Abstract

Code comments are crucial for program comprehension and maintenance. To better understand the nature and content of comments, previous work proposed taxonomies of comment information for textual languages, notably classical programming languages. However, paradigms such as model-driven or model-based engineering often promote the use of visual languages, to which existing taxonomies are not directly applicable. Taking MATLAB/Simulink as a representative of a sophisticated and widely used modeling environment, we extend a multi-language comment taxonomy onto new (visual) comment types and two new languages: Simulink and MATLAB. Furthermore, we outline Simulink commenting practices and compare them to textual languages. We analyze 259,267 comments from 9,095 Simulink models and 17,792 MATLAB scripts.
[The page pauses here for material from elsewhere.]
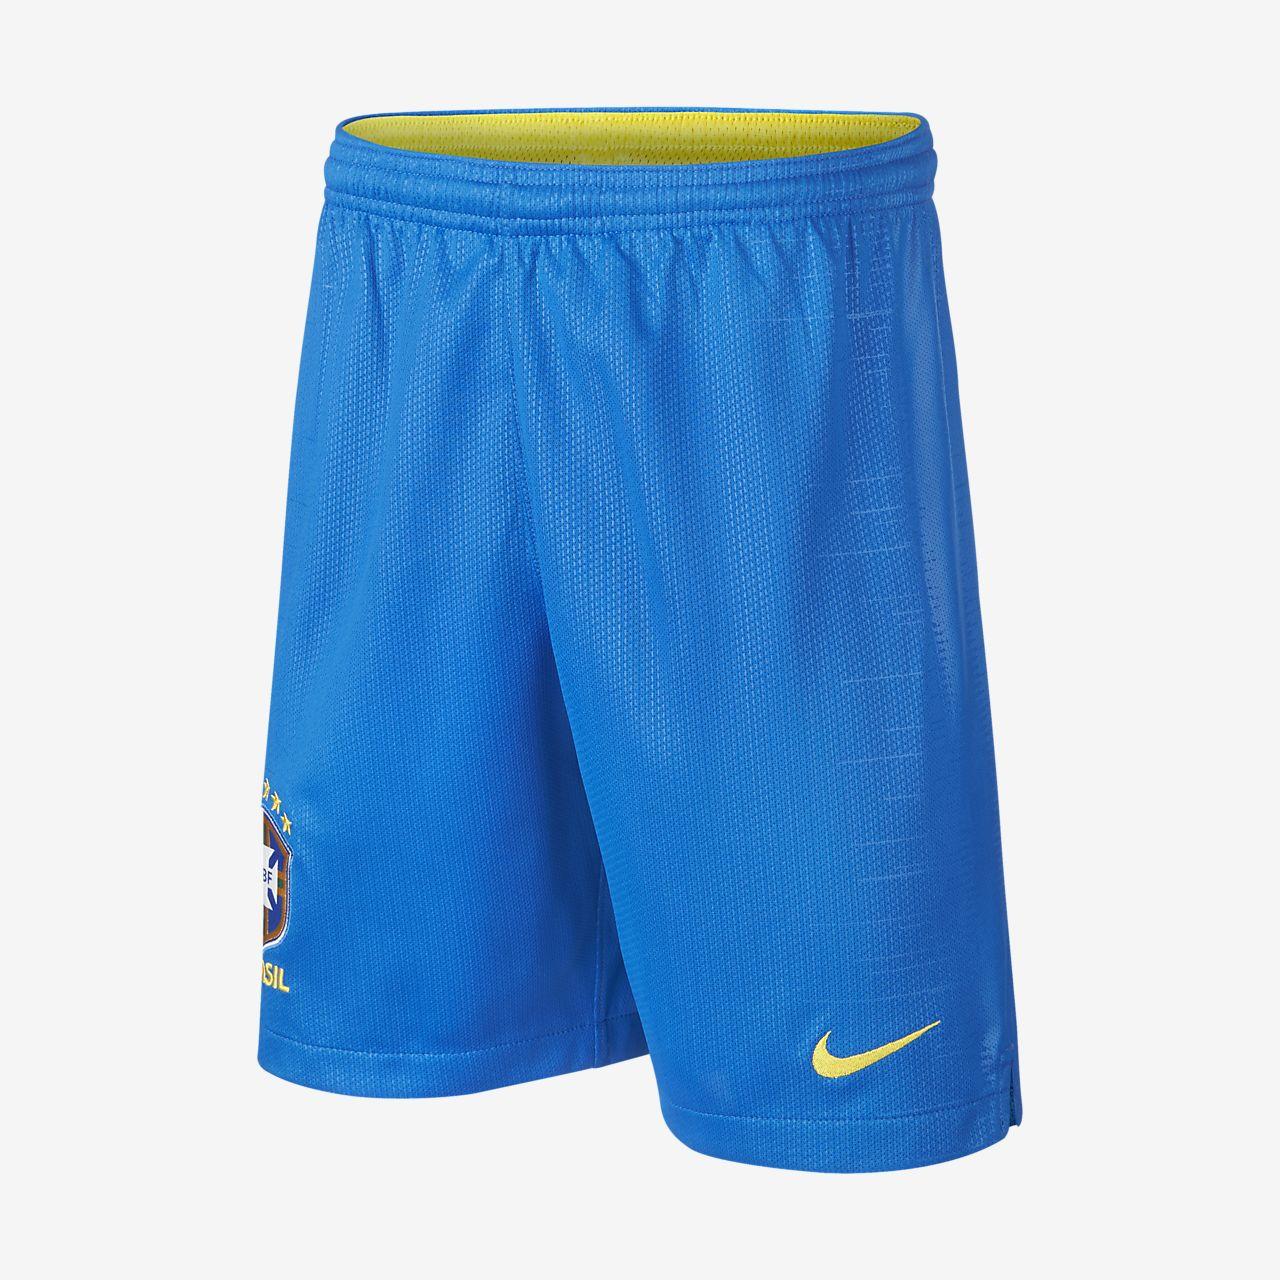 2018 Brasil CBF Stadium Home Pantalons curts de futbol - Nen/a

We identify the comment types, their usage frequency, classify comment information, and analyze their correlations with model metrics. We manually analyze 757 comments to extend the taxonomy. We also analyze commenting guidelines and developer adherence to them. Our extended taxonomy, SCoT (Simulink Comment Taxonomy), contains 25 categories. We find that Simulink comments, although often duplicated, are used at all model hierarchy levels. Of all comment types, Annotations are used most often; Notes scarcely. Our results indicate that Simulink developers, instead of extending comments, add new ones, and rarely follow commenting guidelines. Overall, we find Simulink comment information comparable to textual languages, which highlights commenting practice similarity across languages.